The peppy, bubblegum, matchy- matchy, soulful stylings of *NSYNC. Timbs, baggy jeans, thug appeal, Sexyback origins.
Nearly 30 years since the group began, the best way to cheer me up, still, is to play an *NSYNC song or send me an [obscure] clip of one of them. I will squeal about the recent resurgence of this group until the cows come home if you let me and everyone please pray for a reunion— one last go-round with our faves!
I say obscure because I appreciate people knowing that being an *NSYNC fan is a large part of my personality, but I promise whatever you’re about to send me, I have seen it. Thank you for thinking I would like to see whatever that is and heck send it anyway, I’ll look at it again.
I worked through my grief while I watched interviews with the members and music videos and all of the behind the scenes footage I could find. *N the Mix, Reel *NSYNC, every random MTV special was in heavy rotation. I somehow stumbled upon fan fiction at LiveJournal.
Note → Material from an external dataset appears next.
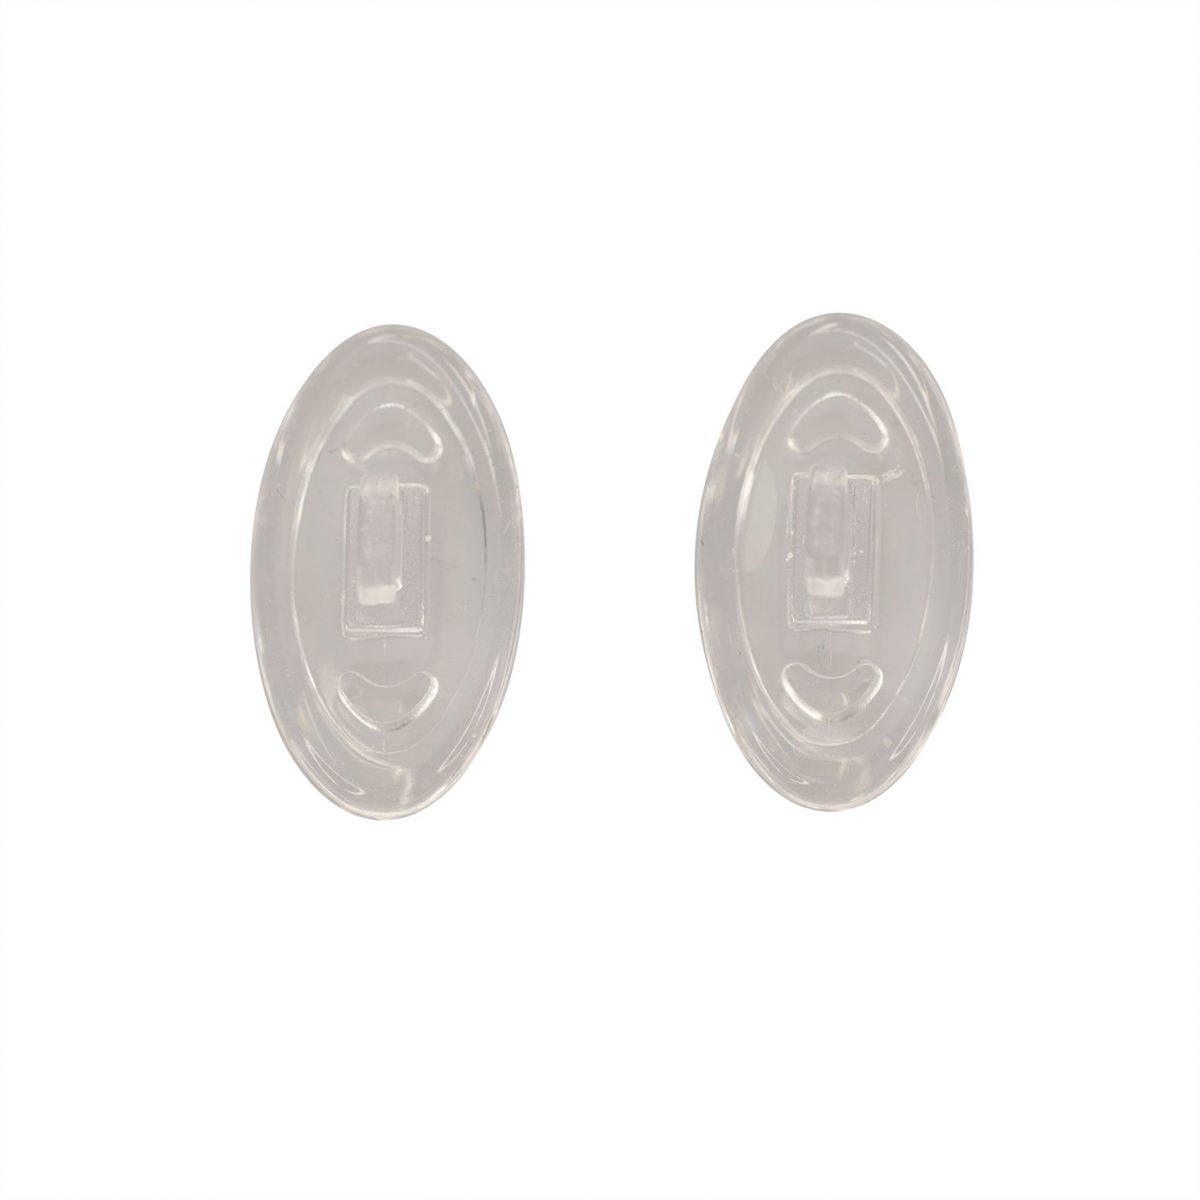 Primadonna-Silicone-Nose-Pads-13mm

You know, where writers borrow the public or written world and roll around in it. Some fic movies and TV shows… some fic real people like members of very popular bands. What I discovered in fan fiction was the missing piece: a way to bridge a thing I used to really like doing— writing—and my favorite pop group of all time, *NSYNC.
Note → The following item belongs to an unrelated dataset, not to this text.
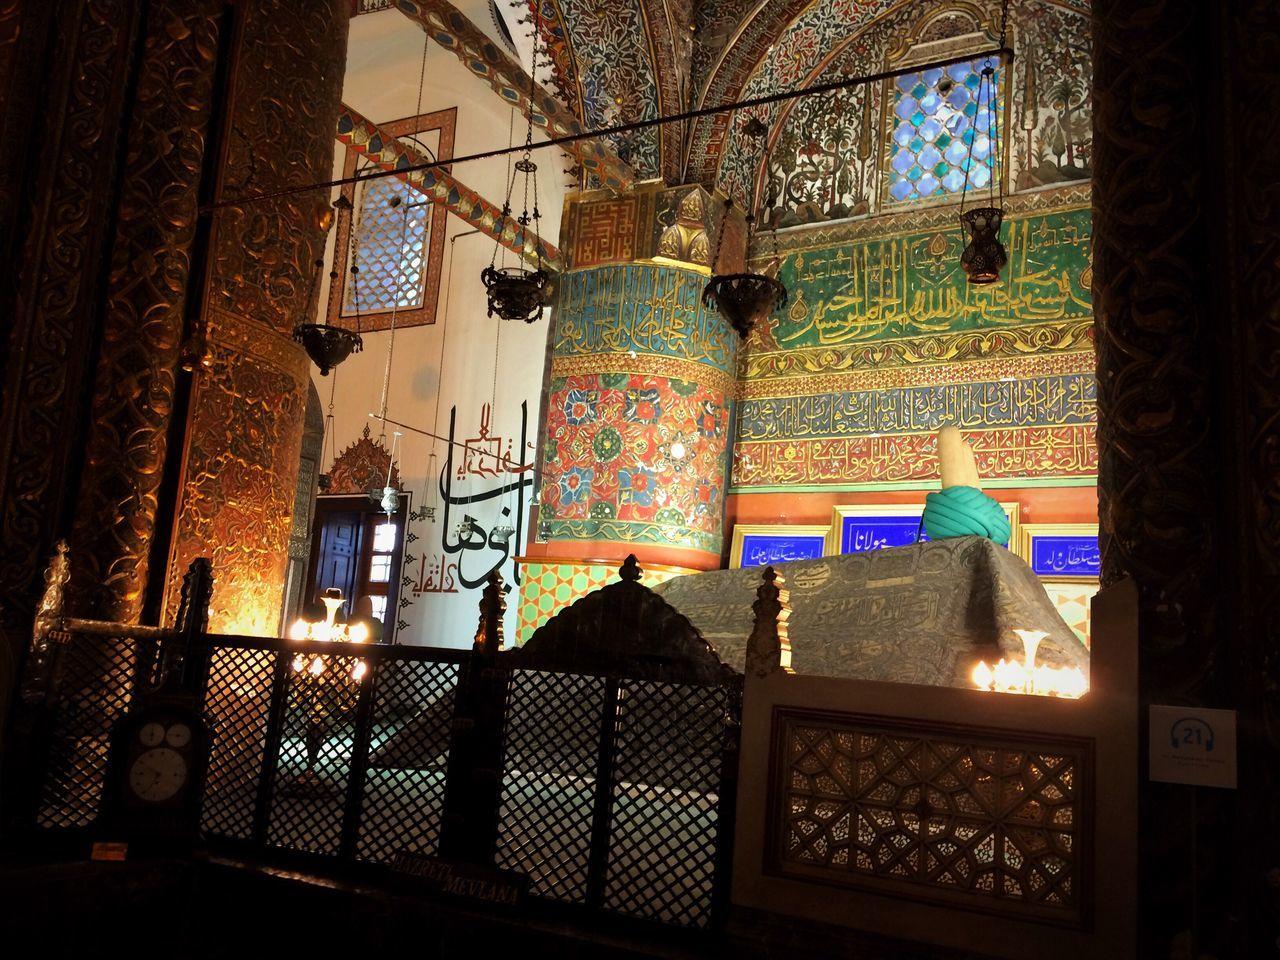 Mosque Retro Rear View No People History Konya Turkey Turkey Konya Mevlana Mosque Mevlana Türbesi Love ♥ Vintage Elégance City

The writing wasn’t bad. It was… quite good. Truthfully, I’ve met fan fiction writers that beat the pants off of NYT best sellers. Something about getting in so deep with your characters that you feel like you know them produces some of the most delicious, character driven work I have ever read. Some popular authors began as fan fiction writers and a practice that used to be underground has bubbled to the top, with authors creating entire careers off of fan fiction.
Cue the Fifty Shades chat here. Never read it, but it was Twilight fanfiction.
So I’m reading this great fan fic right? And I’m thinking…I have ideas. And if they can do it, I can do it. I’m drawn to a particular member of the group who is a deep, thinking, serious person. Ultra talented. He gives strong and silent type.
Fic writers love to write JC Chasez into sad, intense, emotional stories. And I get it because the rest of the guys (especially Joey) are dorks. JC is always in charge, the adult in the room, despite not being the oldest. They call him Dad and bossy. When I watch him in interviews, I recognize a little bit of a sarcastic asshole.
You know that saying, it takes one to know one? I know because I am one. I didn’t see stories about his serious, introverted but also a little bit of an asshole characteristics. So I decided I would write him my way.
I found this little corner of the internet where *NSYNC writers post their stories. Perfect! Posted mine.
Got nervous, couldn’t sleep thinking about my words being available for public consumption, got up at 3 AM and deleted it.
Got so much email demanding me to put it back!
So I put it back.
I wrote and wrote and wrote for about three years. Short stories, long stories— like novel length stories. More than soothing myself, I became part of a community. Fan fic readers don’t care about things commercial fiction readers care about. They care if you portray their faves the right way- is your characterization well though out? Do you play the story out in a pleasing way so that they could imagine that character doing/saying/acting that way? And if you do, will you keep doing that over and over and over?
It became like a security blanket. Like a safe place to just write. Practice. Develop the craft, write on a schedule, lay out a story, keep readers hooked, manage a following.
I make it very plain that if it were not for fanfiction, I would not be an author. It was after writing several long, book length stories that my friends began to encourage me to write original fiction. Fan fic made me a writer.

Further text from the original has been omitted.